EXERCISE BRIEF.
Copy every line of the material below exactly.

MATERIAL TO PROCESS.
- Opening Delimiter -
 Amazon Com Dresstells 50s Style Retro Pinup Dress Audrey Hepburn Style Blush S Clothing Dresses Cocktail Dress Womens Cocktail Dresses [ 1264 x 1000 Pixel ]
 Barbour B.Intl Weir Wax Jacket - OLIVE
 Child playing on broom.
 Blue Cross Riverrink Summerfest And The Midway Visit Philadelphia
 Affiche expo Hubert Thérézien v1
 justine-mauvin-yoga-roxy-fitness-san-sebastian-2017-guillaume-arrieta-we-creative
- Closing Delimiter -
TASK ANSWER.
 Amazon Com Dresstells 50s Style Retro Pinup Dress Audrey Hepburn Style Blush S Clothing Dresses Cocktail Dress Womens Cocktail Dresses [ 1264 x 1000 Pixel ]
 Barbour B.Intl Weir Wax Jacket - OLIVE
 Child playing on broom.
 Blue Cross Riverrink Summerfest And The Midway Visit Philadelphia
 Affiche expo Hubert Thérézien v1
 justine-mauvin-yoga-roxy-fitness-san-sebastian-2017-guillaume-arrieta-we-creative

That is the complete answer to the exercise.